はじめに
こんにちは、九島茶にゃです。
今回の記事は開発者向けになります。
ILかアセンブリ言語についての知識があるといいでしょう。
Debug/Releaseの違い
簡単に言えば、以下のコードがあったとします。
class Sample {
static void Main() {
int a = 10 * 5;
System.Console.WriteLine(a);
}
}
次に、Sample.cs
と全く同じ動作をする、以下の様なコードがあるとします。
class Sample {
static void Main() {
System.Console.WriteLine(50);
}
}
もしコードに対し逐次的に処理が行われる(コンパイラ、仮想マシン、CPU等での改変がない)としたら、明らかに10 * 5
の計算や変数a
へのstore/load
を行っていないImprovedSample.cs
の方が速いに決まっていますよね?
ちなみに、Sample.cs
をDebug/Releaseでコンパイルするとこう解釈されます。
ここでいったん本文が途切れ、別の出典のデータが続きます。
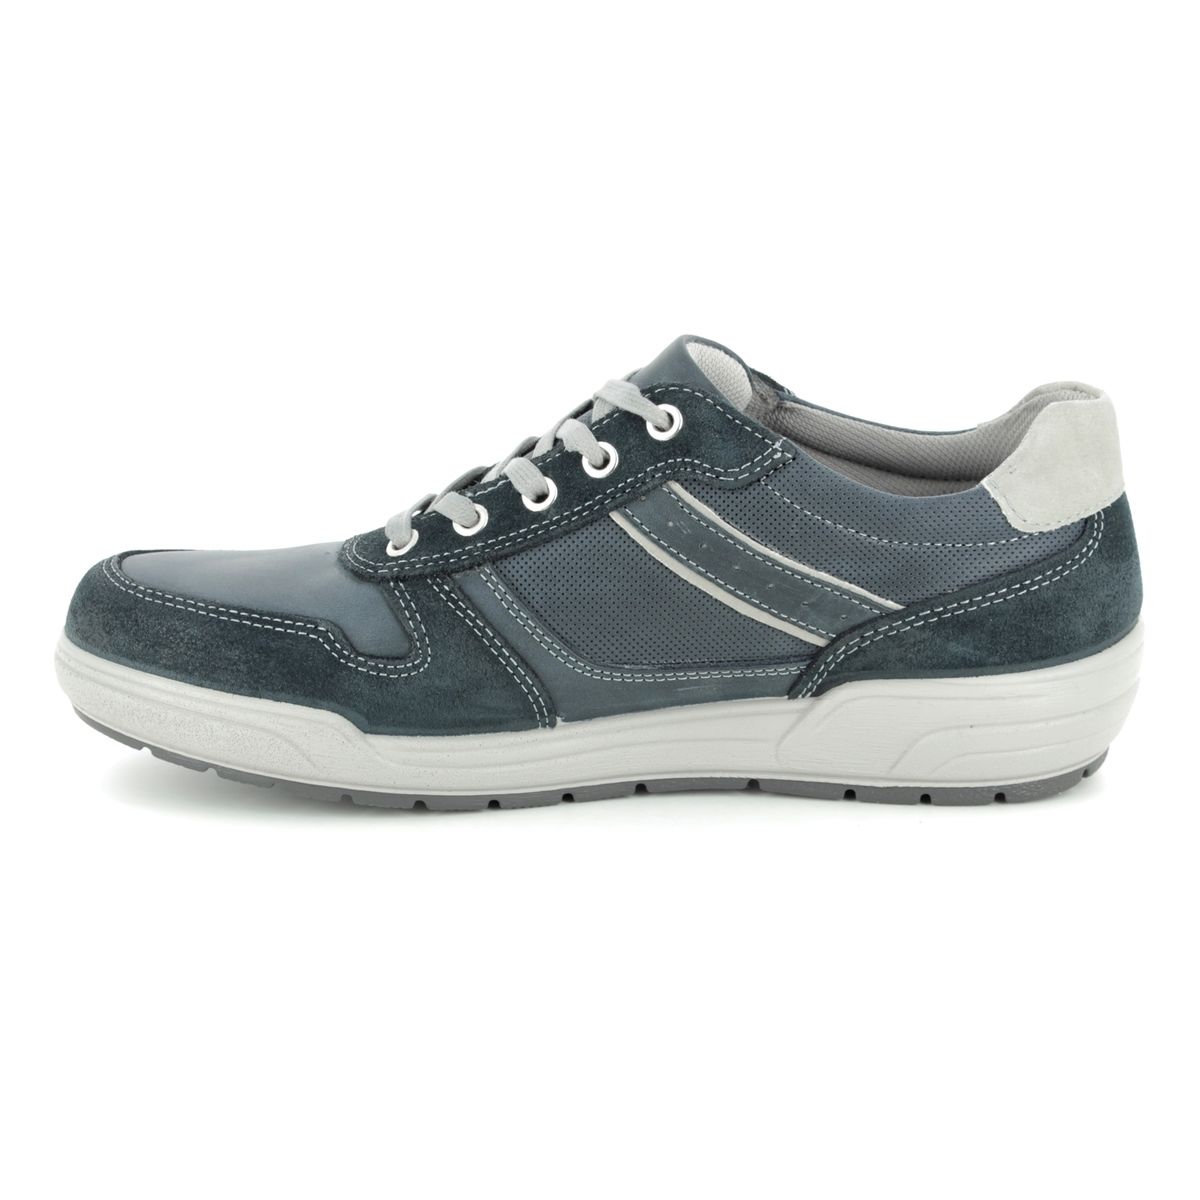 IMAC Daxel 2560-2409018 Navy leather comfort shoes

(処理の部分のみ抽出します。assembly等の属性の付加も見たい人はこちら)
- Debugコンパイル
using System;
internal class Sample
{
private static void Main()
{
int value = 50;
Console.WriteLine(value);
}
}
- Releaseコンパイル
using System;
internal class Sample
{
private static void Main()
{
Console.WriteLine(50);
}
}
以上のコードを見ると、Debugでは領域が確保され、代入の処理が行われるのに対し、Releaseでは領域が確保されず、WriteLine
メソッドに直接値が渡されている(不要な処理が省かれている)事がわかります。そのため、Releaseでは一部ブレークポイントをつけても認識されない所があります。ただし、不要な処理が省かれるので明らかに速いです。
IL的な相違
一般的に、Debug/Releaseには最大スタック数(サイズ)、ローカル変数のサイズ、コードサイズにて以下のような関係性があります。
Debug・Releaseにおけるサイズの関係性
- 最大スタック数
- Debug ≦ Release (Debug < Release のとき Release = 8)
- ローカル変数のサイズ
- Debug ≧ Release
- コードサイズ
- Debug > Release
関係性の理由
最大スタック数は基本的に同じです(1,2か引数の数だけ確保される)。しかし、ローカル変数を用いないときはデフォルトのサイズ(8 Bytes)が確保されるので、以上のようになります。
ローカル変数はReleaseSample.cs
の通り、最適化によって領域が確保されない可能性があるからです。
コードサイズは、DebugコンパイラはDebugSample.cs
のようにコードを逐次的にILに変換し、(ブレークポイントのため?)nop
をいくつか追加します。Releaseコンパイラは出来るだけ軽く、短いコードを生成します。勿論、基本的にnop
は生成しません。そのため、以上のようにDebugの方がコードサイズが大きくなります。